According to Zhu, with the penny eliminated from circulation, resources at U.S. Mints could be put toward more valuable denominations of coinage. It could also facilitate the issue of needing to find that elusive penny when trying to make exact change.

“When customers pay cash, the idea is to round the amount. So if the cost is $1.01 or $1.02, you pay $1. If the price is $1.03 or $1.04, you pay $1.05. It saves Canada about $20 million each year,” he said.

Dr. Jennifer Ryan, Ron and Carol Cope Professor of Supply Chain Management and Analytics and Department Chair, praised Zhu for his work helping to improve efficiency and availability of a fundamental component of the economy.

“Consumers rarely worry about the availability of coins and bills,” said Ryan. “They are typically plentiful so we take them for granted. The pandemic has shown how fragile supply chains of all types can be – whether medical equipment, food or currency. That’s why it’s important to have experts conducting research on diverse industries and products, so we can be ready to respond and provide advice when these supply chains are disrupted, to help get them back up and running again.”
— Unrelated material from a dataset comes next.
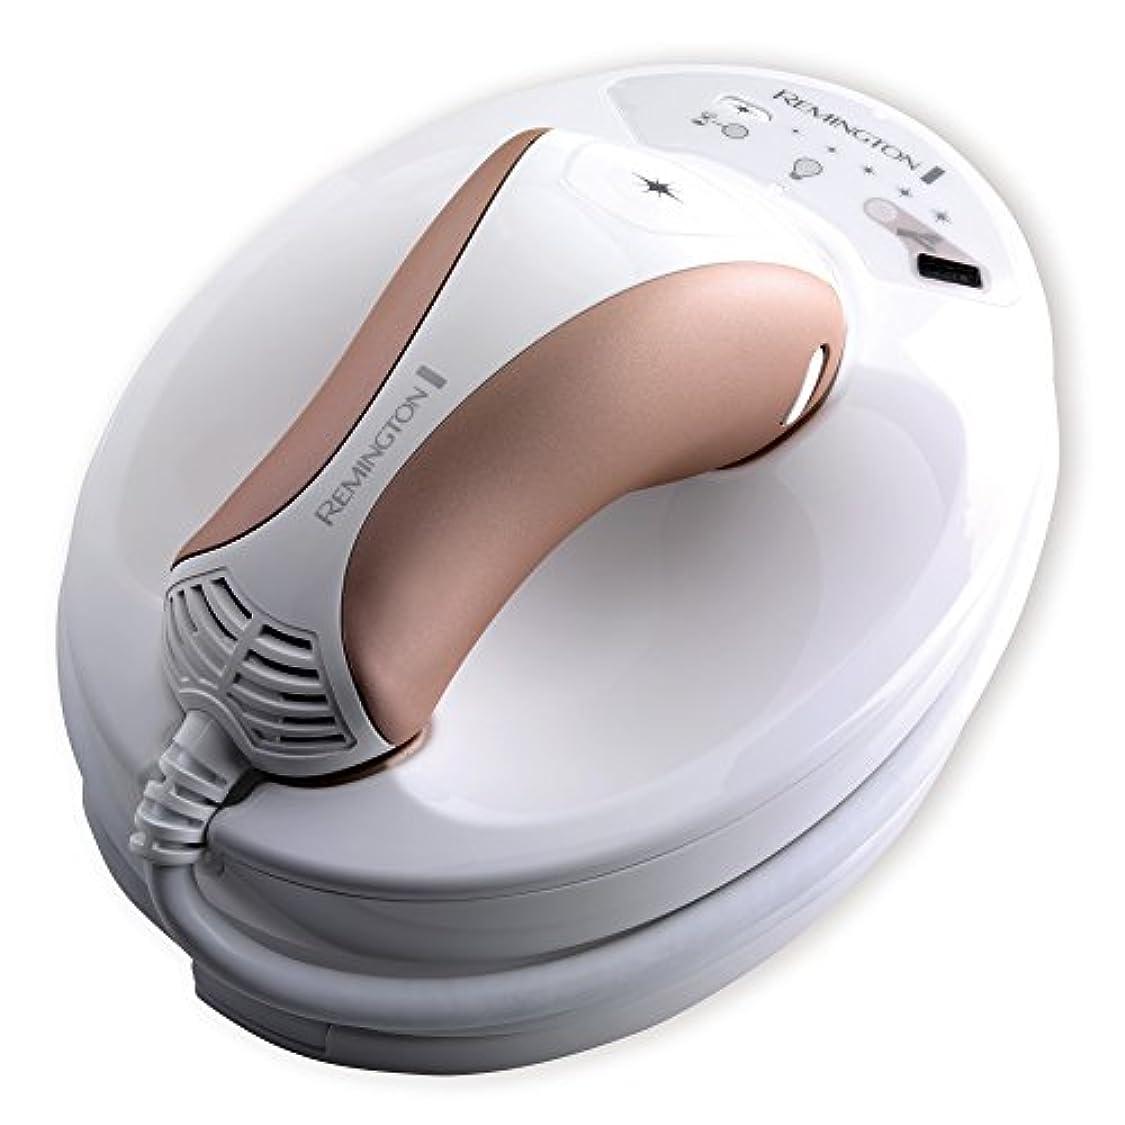 無駄ガウン上陸家庭用フラッシュ式脱毛機「I-LIGHT Pro」 男女兼用【並行輸入品】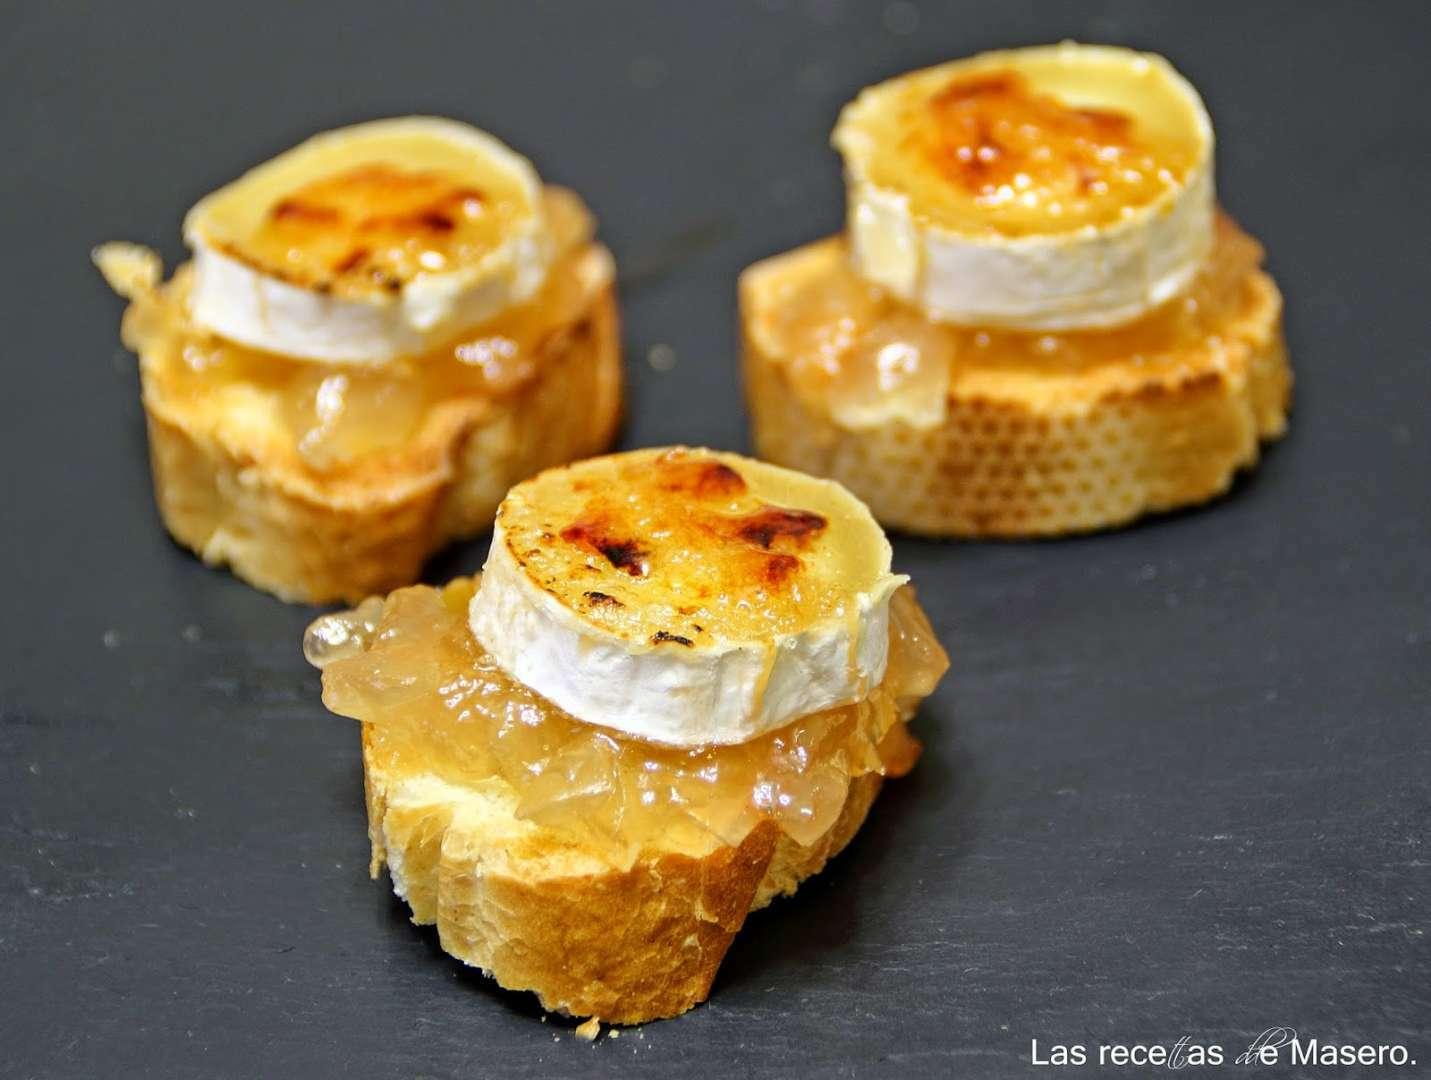 Canap de rulo de cabra caramelizado receta petitchef for Canape quiche recipe

Zhu pointed to retailers and consumers to be part of the solution. He noted the use of loyalty cards as a means of transferring remainders from purchases to be used at a later date, or simply asking customers to donate the extra pennies to local charities.

“It’s not a big deal to be short a penny, but if they start being short quarters customers might not be as happy. They should focus more on producing quarters and dimes especially during a time like this pandemic. However, that’s not an easy fix as they would have to go through Congress, similar to what other countries have done,” he said.

If those changes are still not enough, Zhu made one more suggestion that just might do the trick.

“If your piggy bank is full, now would be a good time to start emptying them out,” he said.